CryoLife's earnings per share are down 38% per year, despite strong share price performance over five years.

This means it's unlikely the market is judging the company based on earnings growth. Since the change in EPS doesn't seem to correlate with the change in share price, it's worth taking a look at other metrics.

On the other hand, CryoLife's revenue is growing nicely, at a compound rate of 15% over the last five years. In that case, the company may be sacrificing current earnings per share to drive growth.

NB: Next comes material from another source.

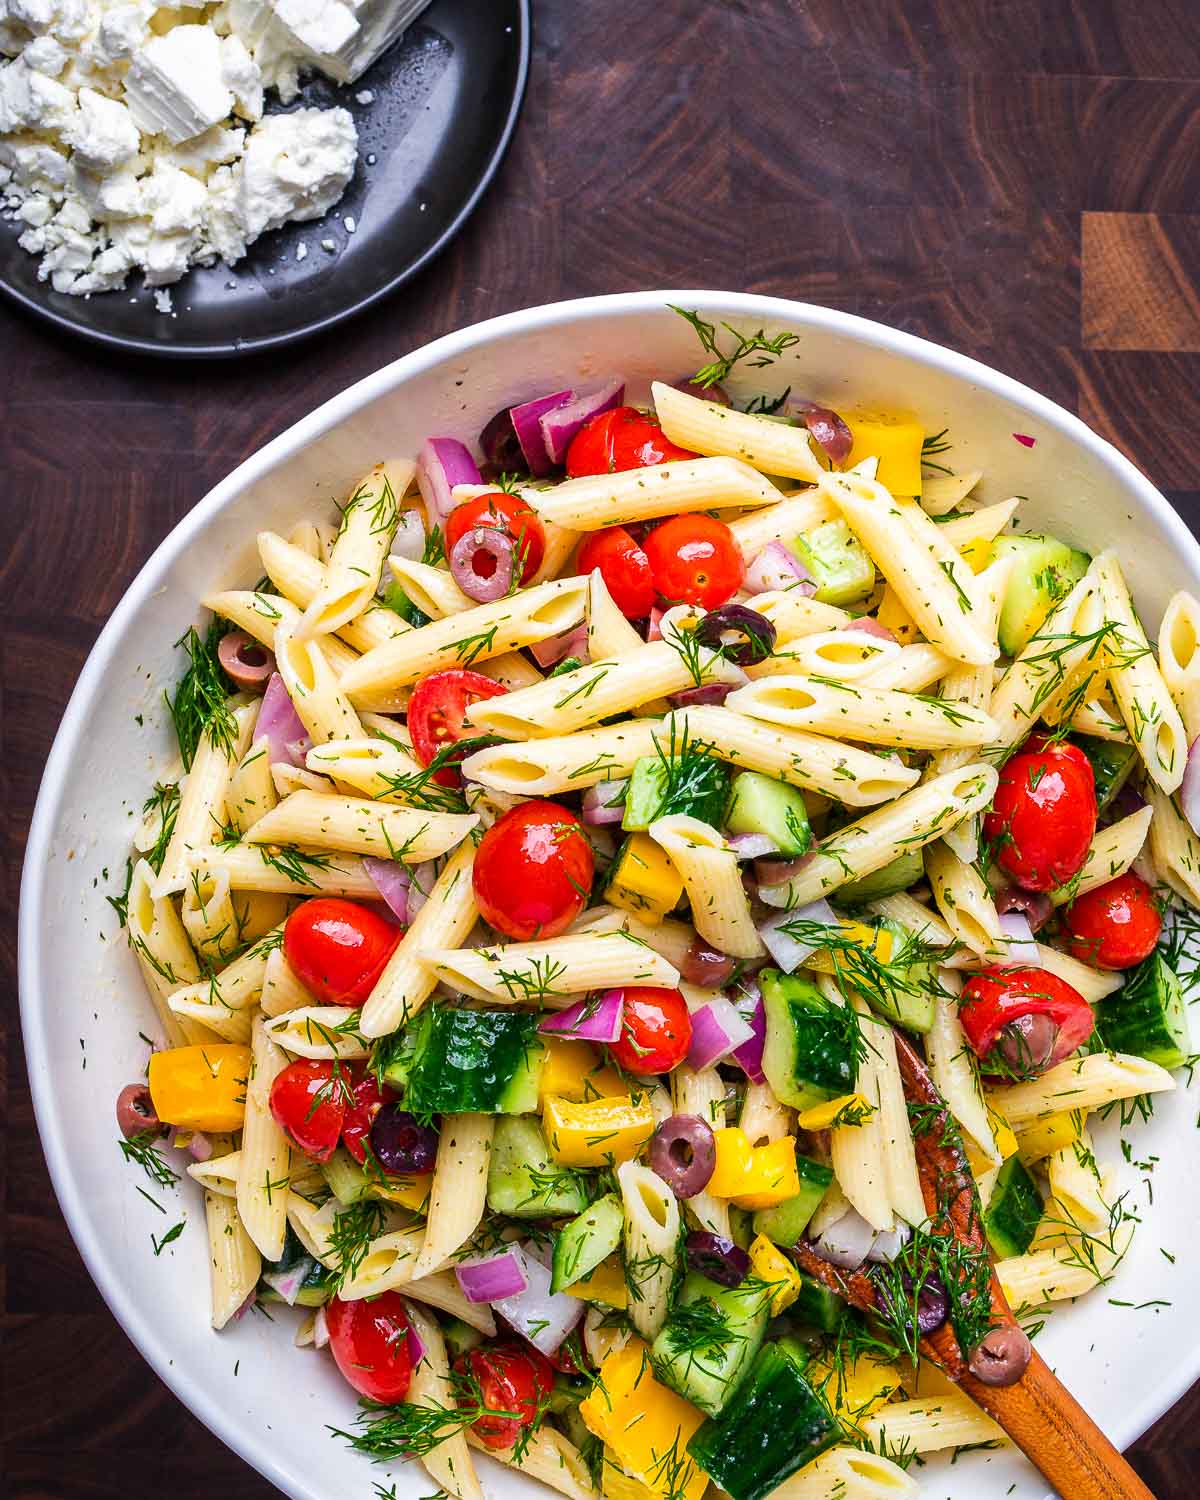 Greek pasta salad in large serving bowl with plate of feta cheese on the side.

The graphic below depicts how earnings and revenue have changed over time (unveil the exact values by clicking on the image).

earnings-and-revenue-growth
NYSE:CRY Earnings and Revenue Growth July 31st 2020

We consider it positive that insiders have made significant purchases in the last year. Having said that, most people consider earnings and revenue growth trends to be a more meaningful guide to the business. This free report showing analyst forecasts should help you form a view on CryoLife

A Different Perspective

Investors in CryoLife had a tough year, with a total loss of 35%, against a market gain of about 14%. However, keep in mind that even the best stocks will sometimes underperform the market over a twelve month period. On the bright side, long term shareholders have made money, with a gain of 12% per year over half a decade. It could be that the recent sell-off is an opportunity, so it may be worth checking the fundamental data for signs of a long term growth trend. I find it very interesting to look at share price over the long term as a proxy for business performance. But to truly gain insight, we need to consider other information, too. Case in point: We've spotted 3 warning signs for CryoLife you should be aware of, and 1 of them can't be ignored.

CryoLife is not the only stock insiders are buying. So take a peek at this free list of growing companies with insider buying.

Please note, the market returns quoted in this article reflect the market weighted average returns of stocks that currently trade on US exchanges.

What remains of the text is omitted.